[Source data — start]
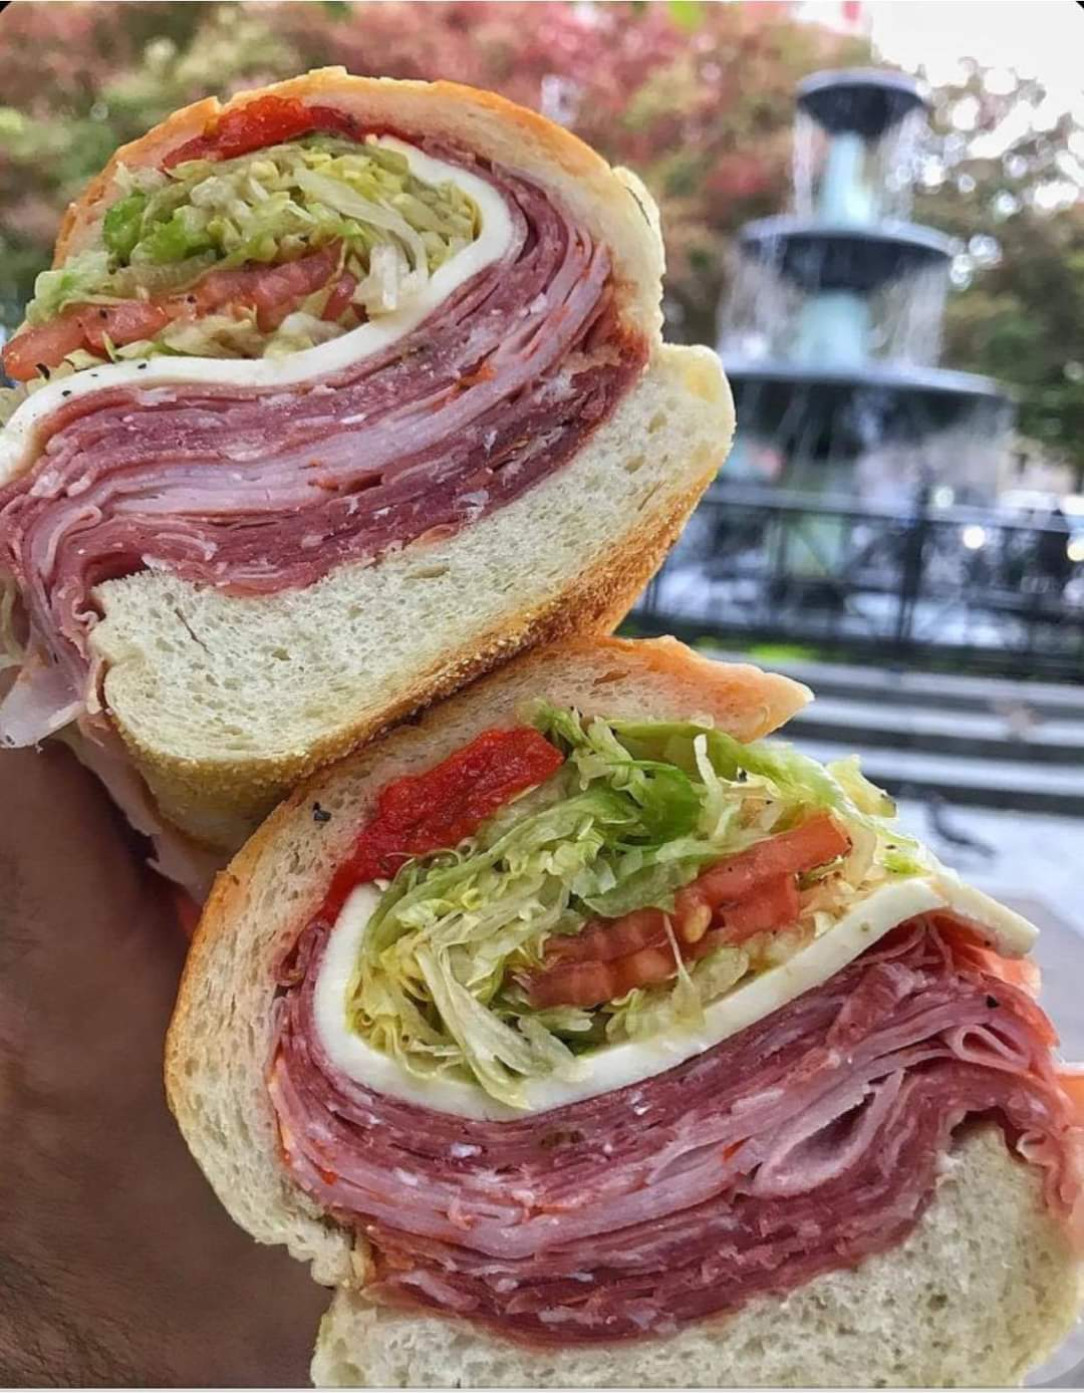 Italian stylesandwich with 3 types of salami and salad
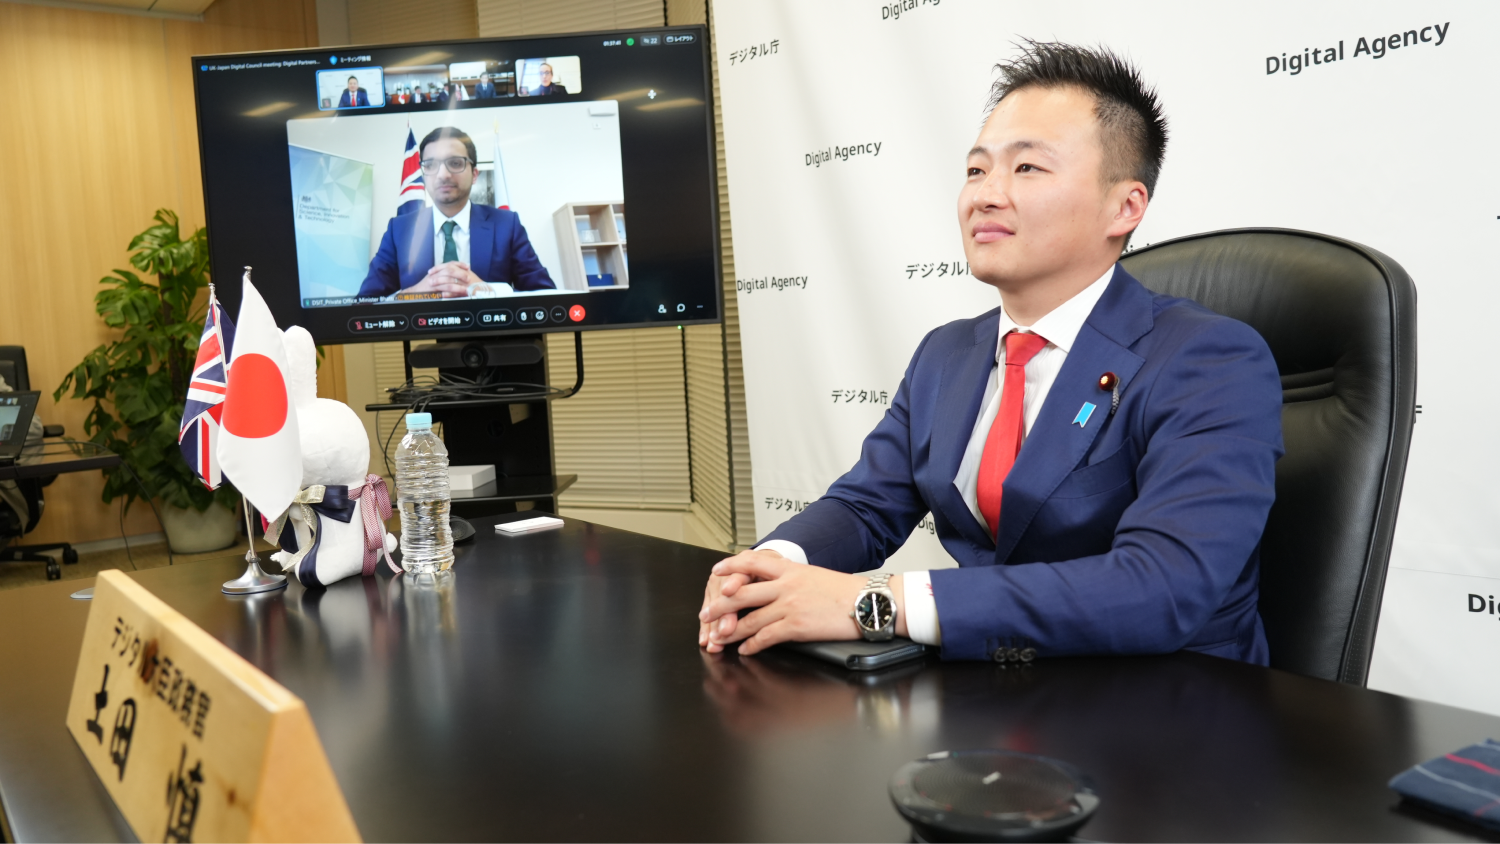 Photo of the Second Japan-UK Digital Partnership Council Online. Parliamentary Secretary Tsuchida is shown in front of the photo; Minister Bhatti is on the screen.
[Source data — finish]
[Source data — start]
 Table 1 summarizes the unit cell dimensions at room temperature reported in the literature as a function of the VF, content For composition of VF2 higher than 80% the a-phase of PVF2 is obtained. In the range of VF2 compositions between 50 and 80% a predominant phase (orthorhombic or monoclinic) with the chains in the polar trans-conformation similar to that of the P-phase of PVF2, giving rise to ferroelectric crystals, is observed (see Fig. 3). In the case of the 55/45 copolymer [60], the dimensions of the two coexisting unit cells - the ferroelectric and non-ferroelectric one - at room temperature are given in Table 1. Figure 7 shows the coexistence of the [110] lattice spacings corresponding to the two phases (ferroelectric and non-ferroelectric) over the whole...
[Source data — finish]
**What the task requires**
Reproduce the lines above starting at the one with "Italian stylesandwich with" and ending at the one with "Photo of the", both included, exactly and with no pictures.

**Worked solution**
 Italian stylesandwich with 3 types of salami and salad
 Photo of the Second Japan-UK Digital Partnership Council Online. Parliamentary Secretary Tsuchida is shown in front of the photo; Minister Bhatti is on the screen.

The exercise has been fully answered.